== Task inputs
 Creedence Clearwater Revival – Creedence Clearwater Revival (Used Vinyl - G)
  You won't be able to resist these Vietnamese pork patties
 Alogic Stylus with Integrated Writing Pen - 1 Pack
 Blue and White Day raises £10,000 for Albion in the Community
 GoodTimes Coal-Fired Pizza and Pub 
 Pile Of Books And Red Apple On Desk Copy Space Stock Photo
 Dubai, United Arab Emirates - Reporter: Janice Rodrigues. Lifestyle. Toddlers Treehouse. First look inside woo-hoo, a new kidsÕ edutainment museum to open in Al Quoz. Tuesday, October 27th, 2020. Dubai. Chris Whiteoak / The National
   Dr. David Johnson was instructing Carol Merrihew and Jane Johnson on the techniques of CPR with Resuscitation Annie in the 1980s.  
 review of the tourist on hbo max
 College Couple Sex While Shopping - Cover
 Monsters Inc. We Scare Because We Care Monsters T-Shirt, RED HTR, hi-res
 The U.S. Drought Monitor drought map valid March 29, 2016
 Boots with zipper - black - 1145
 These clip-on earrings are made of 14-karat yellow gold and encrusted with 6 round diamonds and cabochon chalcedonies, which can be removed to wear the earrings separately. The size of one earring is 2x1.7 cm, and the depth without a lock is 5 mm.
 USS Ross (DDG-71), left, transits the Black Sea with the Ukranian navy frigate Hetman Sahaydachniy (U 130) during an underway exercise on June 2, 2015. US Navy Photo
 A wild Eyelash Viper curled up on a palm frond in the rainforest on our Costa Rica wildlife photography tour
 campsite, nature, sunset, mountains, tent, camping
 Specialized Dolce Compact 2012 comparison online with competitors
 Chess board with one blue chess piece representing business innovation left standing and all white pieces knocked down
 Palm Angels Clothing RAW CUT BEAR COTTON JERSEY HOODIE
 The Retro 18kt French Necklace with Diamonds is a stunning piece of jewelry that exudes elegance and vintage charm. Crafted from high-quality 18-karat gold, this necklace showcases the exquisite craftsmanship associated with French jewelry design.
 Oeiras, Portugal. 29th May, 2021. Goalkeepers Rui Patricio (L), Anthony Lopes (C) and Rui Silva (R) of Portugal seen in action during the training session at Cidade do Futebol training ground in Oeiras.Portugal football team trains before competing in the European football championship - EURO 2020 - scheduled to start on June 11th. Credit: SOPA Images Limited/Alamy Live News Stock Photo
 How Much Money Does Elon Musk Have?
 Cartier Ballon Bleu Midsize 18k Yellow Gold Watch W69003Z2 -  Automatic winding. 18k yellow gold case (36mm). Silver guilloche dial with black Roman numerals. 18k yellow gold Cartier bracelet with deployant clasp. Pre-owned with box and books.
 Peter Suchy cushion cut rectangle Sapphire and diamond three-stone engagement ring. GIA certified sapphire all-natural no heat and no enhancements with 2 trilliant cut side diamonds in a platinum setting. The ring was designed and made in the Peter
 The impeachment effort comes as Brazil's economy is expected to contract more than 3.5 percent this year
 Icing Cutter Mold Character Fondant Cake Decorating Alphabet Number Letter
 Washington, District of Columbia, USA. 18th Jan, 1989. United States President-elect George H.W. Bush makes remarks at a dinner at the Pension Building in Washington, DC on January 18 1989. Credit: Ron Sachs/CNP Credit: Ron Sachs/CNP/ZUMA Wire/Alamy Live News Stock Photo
====
[Your task] In the records above, find each line that mentions the word "Credit", and copy it.

[Task solution]
 Oeiras, Portugal. 29th May, 2021. Goalkeepers Rui Patricio (L), Anthony Lopes (C) and Rui Silva (R) of Portugal seen in action during the training session at Cidade do Futebol training ground in Oeiras.Portugal football team trains before competing in the European football championship - EURO 2020 - scheduled to start on June 11th. Credit: SOPA Images Limited/Alamy Live News Stock Photo
 Washington, District of Columbia, USA. 18th Jan, 1989. United States President-elect George H.W. Bush makes remarks at a dinner at the Pension Building in Washington, DC on January 18 1989. Credit: Ron Sachs/CNP Credit: Ron Sachs/CNP/ZUMA Wire/Alamy Live News Stock Photo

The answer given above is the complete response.